Pertama, kamu bisa menggabungkan dan menghubungkan qi internal melalui pengalaman hidup dan mati serta menguasai metode konsentrasi.

Kedua, kamu bisa menggunakan Berat Bagaikan Gunung dari niat pedang untuk mengasah dan mendapatkan pencerahan berulang kali melalui senjata.

Ketiga, kamu bisa menerobos dengan menerapkan tekanan berat untuk menyaring qi internal.”

Qin Feng, setelah mendengarnya, tampak tenggelam dalam pemikiran mendalam. Metode pertama tentu saja tidak layak; pengalaman hidup dan mati terlalu berbahaya, dan saat ini tidak ada kondisi untuk itu.

Adapun metode kedua, Nona Lan mungkin sedang mencoba menggunakan senjata untuk mendapatkan pencerahan, tetapi Kepala Arang Hitam (Hei Tan Tou) dan niat pedang kakak keduanya masih berada di alam ujung tajam, belum mampu menggunakan metode ini.

Mengenai metode ketiga…

“Bisakah kamu memperjelas tentang metode ketiga?” tanya Qin Feng.

Bibir Liu Jianli terbuka ringan, “Ada banyak tempat aneh di dunia ini. Beberapa tempat memiliki tekanan sepuluh kali atau seratus kali lipat dari normal. Orang biasa merasa sulit untuk bergerak di sana, tetapi bagi para pendekar bela diri dewa, itu adalah tempat yang sangat baik untuk berkultivasi.

Di Sekte Segala Pedang, ada sebuah gunung bernama Gunung Pedang Berat. Semakin tinggi kamu mendaki, semakin besar gravitasinya. Aku pernah mendaki hingga puncaknya dan melangkah ke alam konsentrasi tingkat enam dalam sekali jalan.

Namun, tempat unik semacam itu jarang ada di dunia.”

Qin Feng terdiam. Dalam hal ini, bukankah dia tidak punya cara untuk membantu ketiga orang itu?

Memikirkan hal ini, dia tidak bisa menahan diri untuk merasa sedikit frustrasi.

Setelah beberapa saat hening, daun telinga putih Liu Jianli bergerak sedikit, lalu dia berbisik, “Hari sudah tidak pagi, aku juga harus beristirahat.”

“Baiklah, kalau begitu aku tidak akan mengganggumu.” Qin Feng sadar kembali dan pamit undur diri.

Dia berjalan ke koridor dan mendengar keributan di tikungan, beserta suara orang saling dorong.

Qin Feng mengerutkan kening, dengan cepat mendekat, dan melihat dua sosok yang dikenalnya tampak sedikit berantakan.
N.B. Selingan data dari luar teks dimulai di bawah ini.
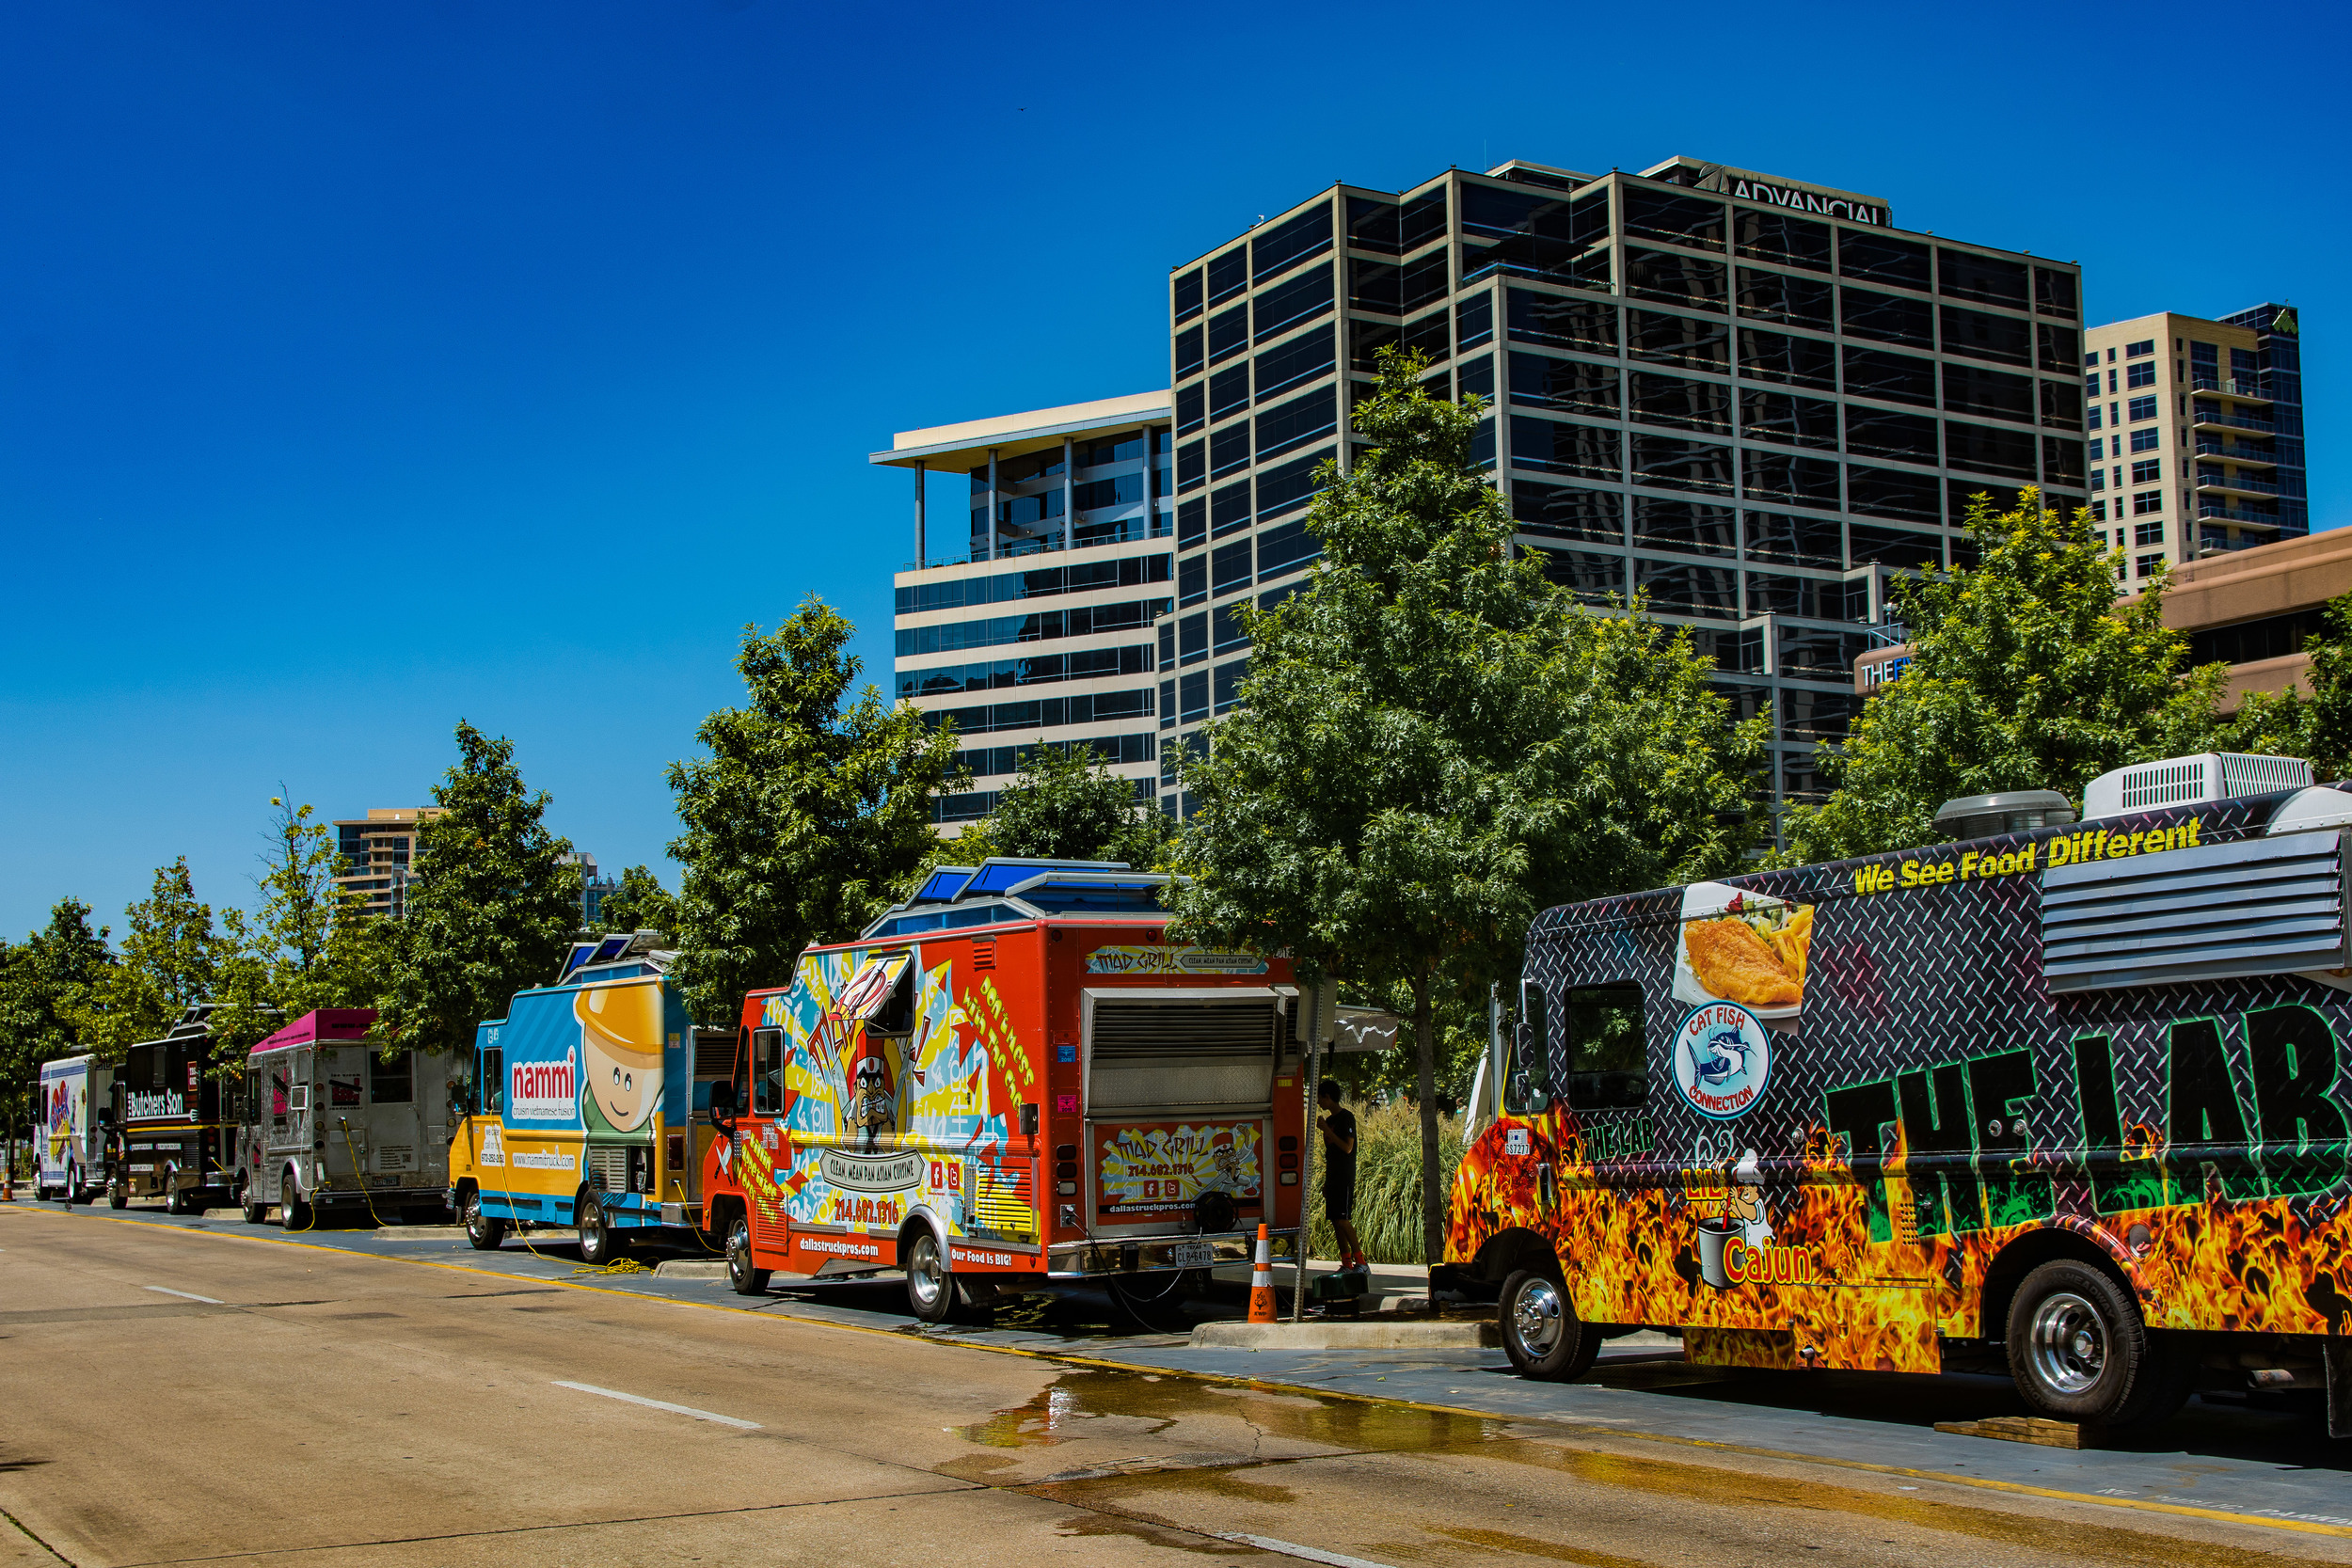 Nifty food trucks in Big D.

Dia menyeringai, langsung memahami situasinya.

“Ayah, Istri Kedua, sedang jalan-jalan larut malam?”

Istri Kedua berbalik dan tersenyum, “Feng’er, ayahmu makan malam dengan lahap dan merasa sedikit kenyang, jadi kami memutuskan untuk berjalan-jalan.”

“Benarkah? Ayah.”

“Hah?” Qin Jian’an tidak langsung menyadarinya sampai dia merasakan cubitan di pinggangnya. Dia segera menjawab, “Ya, ya, tadi makan terlalu banyak. Sekarang sudah hampir tercerna. Mari kita kembali dan beristirahat. Kamu juga harus tidur.”

Bibir Qin Feng melengkung, “Baiklah, Ayah.”

Berpura-pura hendak pergi, dia tiba-tiba menepuk jidatnya, “Oh, aku hampir lupa berterima kasih kepada Ayah karena telah mengajariku cara menyenangkan wanita beberapa hari yang lalu. Itu membuatku semakin dekat dengan istriku. Tapi Ayah, dari mana Ayah tahu metode-metode itu?”

Qin Feng melirik ke arah Istri Kedua, berpura-pura melakukan kesalahan, dan buru-buru pergi, “Aku pasti sudah kelelahan sampai-sampai mengucapkan omong kosong seperti itu. Istri Kedua, apa yang baru saja kukatakan itu semuanya omong kosong, jangan dimasukkan ke hati.”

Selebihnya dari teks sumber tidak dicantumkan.